Yavno and Fox (2013) collected introduced pumpkinseed sunfish from four sites in Canada, two flowing water sites and two still water sites, and returned them to a holding facility. Progeny from mating between individuals within each population were then allocated to artificial channels and subjected to either still or flowing water for 80 days. Various morphological features for each fish were measured at the end of the experiment. Each morphological measurement was analyzed in a two-factor linear model, including the value of the centroid of nine points on the body as a measure of body size. Each morphological variable and the value of the centroid was log transformed before analysis.
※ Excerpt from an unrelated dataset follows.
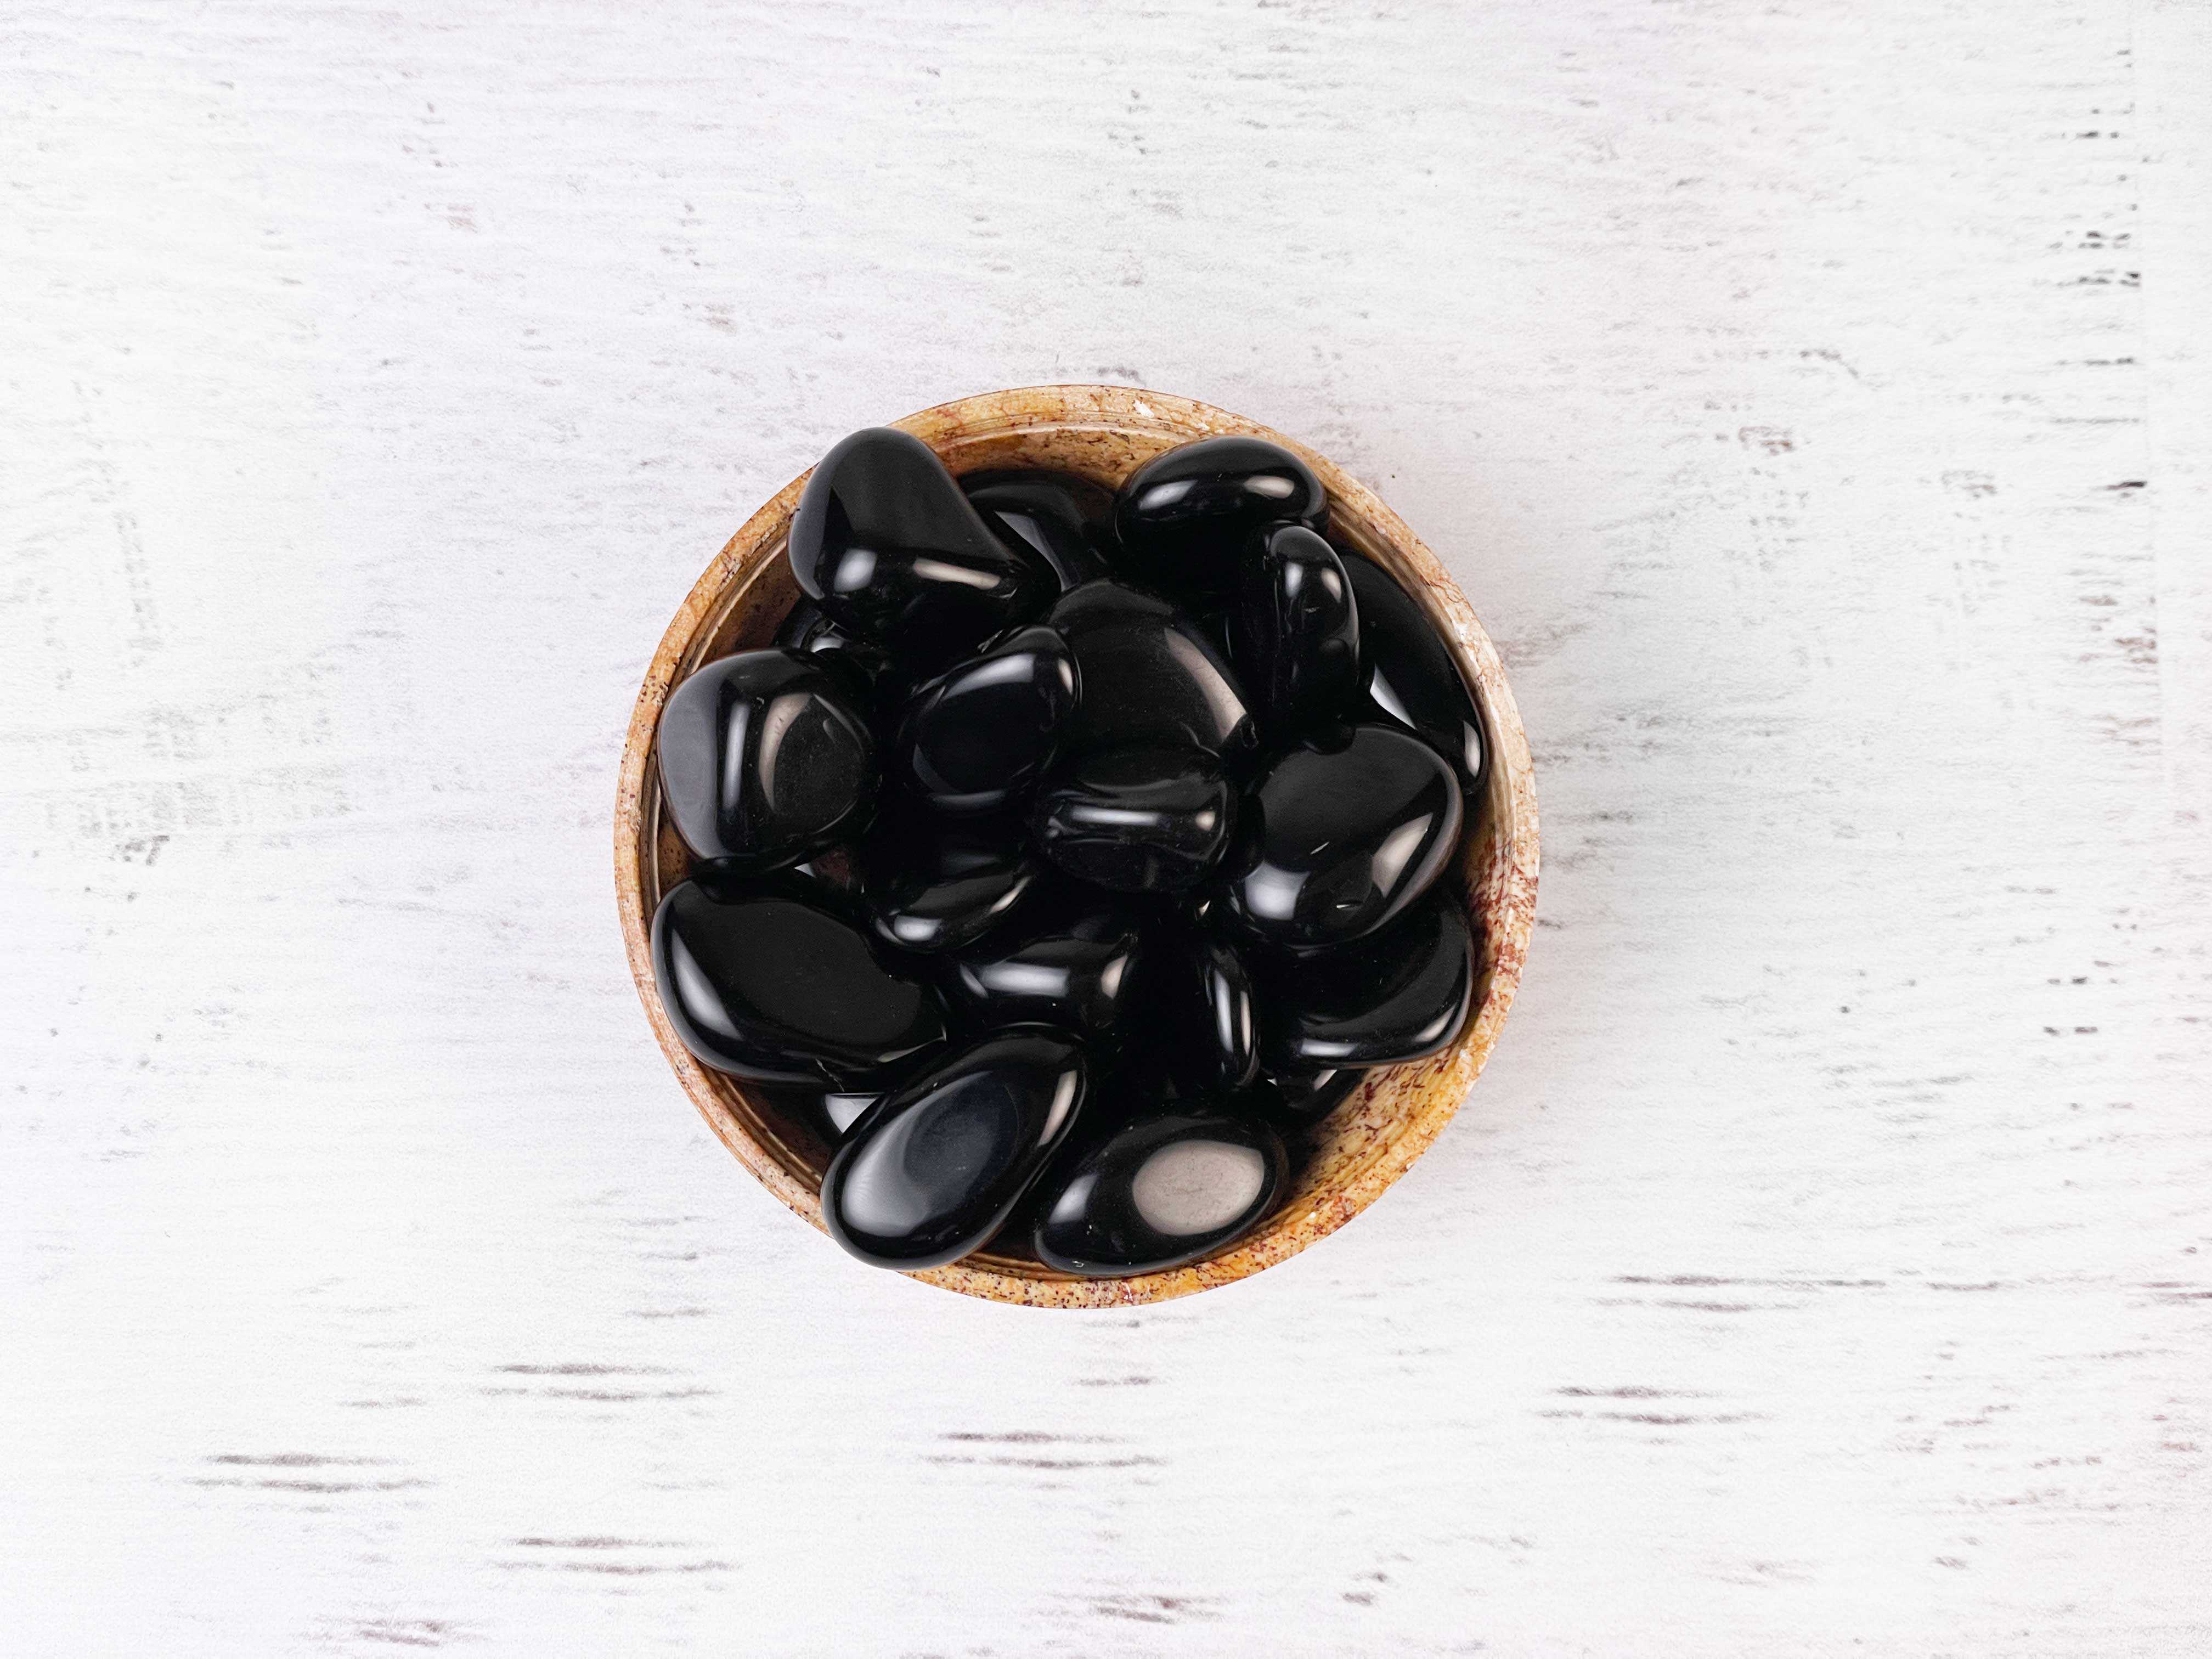 Buy Online Latest and Unique Tumbled Black Obsidian - Psychic Protection, Grounding, Cleansing, Spirit Communication | Shop Best Spiritual Items - The Mystical Ritual

Pumpkinseed sunfish, Lepomis gibbosus. © Smithsonian Environmental Research Center, CC BY 4.0
The paper is here and the data are in the supplementary material S2
Yavno, S. & Fox, M. G. (2013). Morphological change and phenotypic plasticity in native and non-native pumpkinseed sunfish in response to sustained water velocities. Journal of Evolutionary Biology, 26, 2383-95.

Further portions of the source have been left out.